Clinical implications. The study revealed that a single oral 100,000 IU dose of vitamin [D.sub.3] taken every four months is safe and effective in reducing the incidence of fractures in individuals older than age 65. Perioperative nurses should be prepared to use this information as a possible strategy in their preoperative and postoperative patient teaching programs.

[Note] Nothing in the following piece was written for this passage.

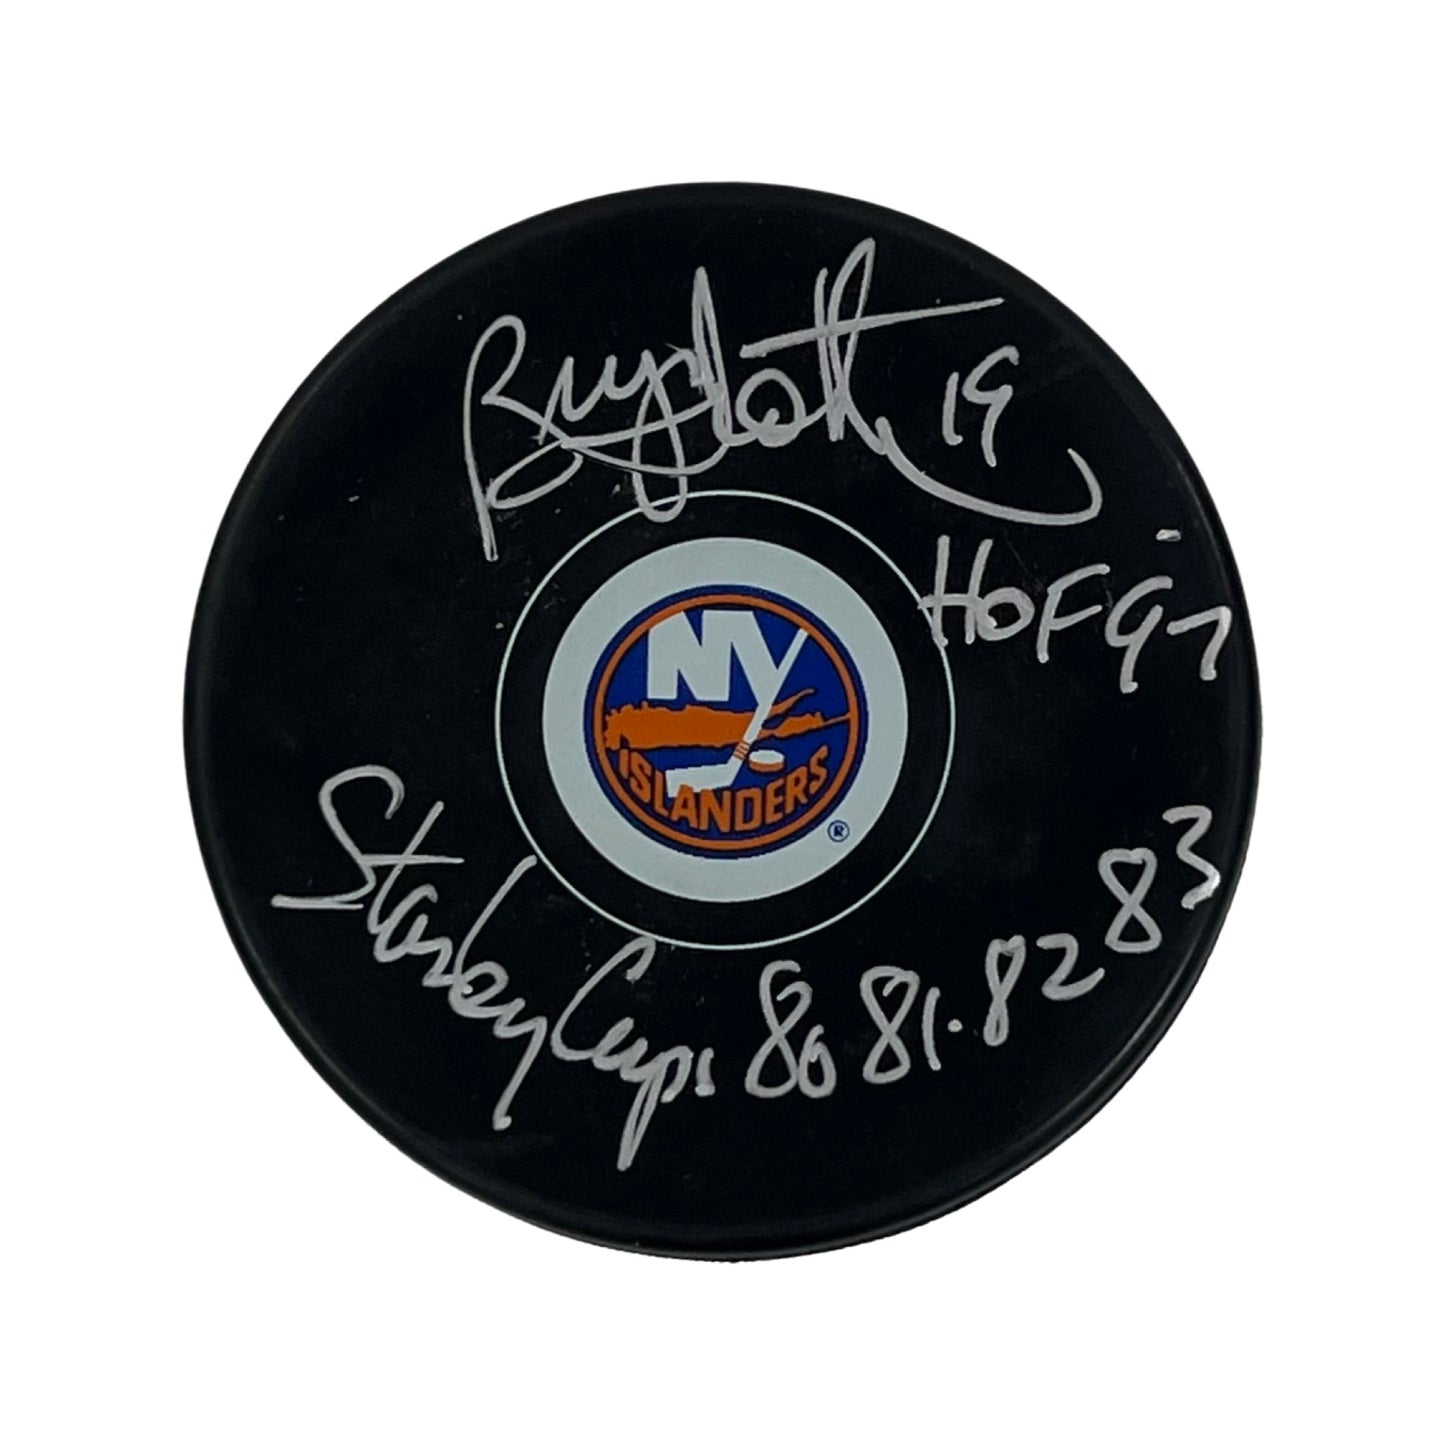 Bryan Trottier Autographed New York Islanders Replica Puck “HOF 97, Stanley Cups 80, 81, 82, 83” Inscriptions Steiner CX

Fitness levels and worker absenteeism

Journal of Exercise Physiology online

February 2003

Absenteeism is a major problem for employers. The purpose of this study was to determine individuals' level of fitness and relate it to their perceived productivity, job satisfaction, and absenteeism. (3) One hundred forty-three employees representing nine city departments, including fire, police, public works, and library, were assessed on three measures of job performance and four health-related components of fitness--body composition, cardiorespiratory endurance, flexibility, and muscular strength. Participants were asked to complete a fitness assessment that measured body fat percentage, cardiorespiratory endurance, flexibility, and muscular strength. Additionally, they were asked to complete a questionnaire using a five-point Likert-type scale, with answers ranging from "strongly agree" to "strongly disagree." The questionnaire determined the relationship between participants' fitness levels and perceived productivity and job satisfaction. Section A of the questionnaire measured the employees' current exercise level, section B measured the employees' perceived productivity, and section C measured the employees' job satisfaction. Absenteeism rates during a one-year period were compared to the fitness level of each participant. Stepwise regression analyses were used to analyze the findings.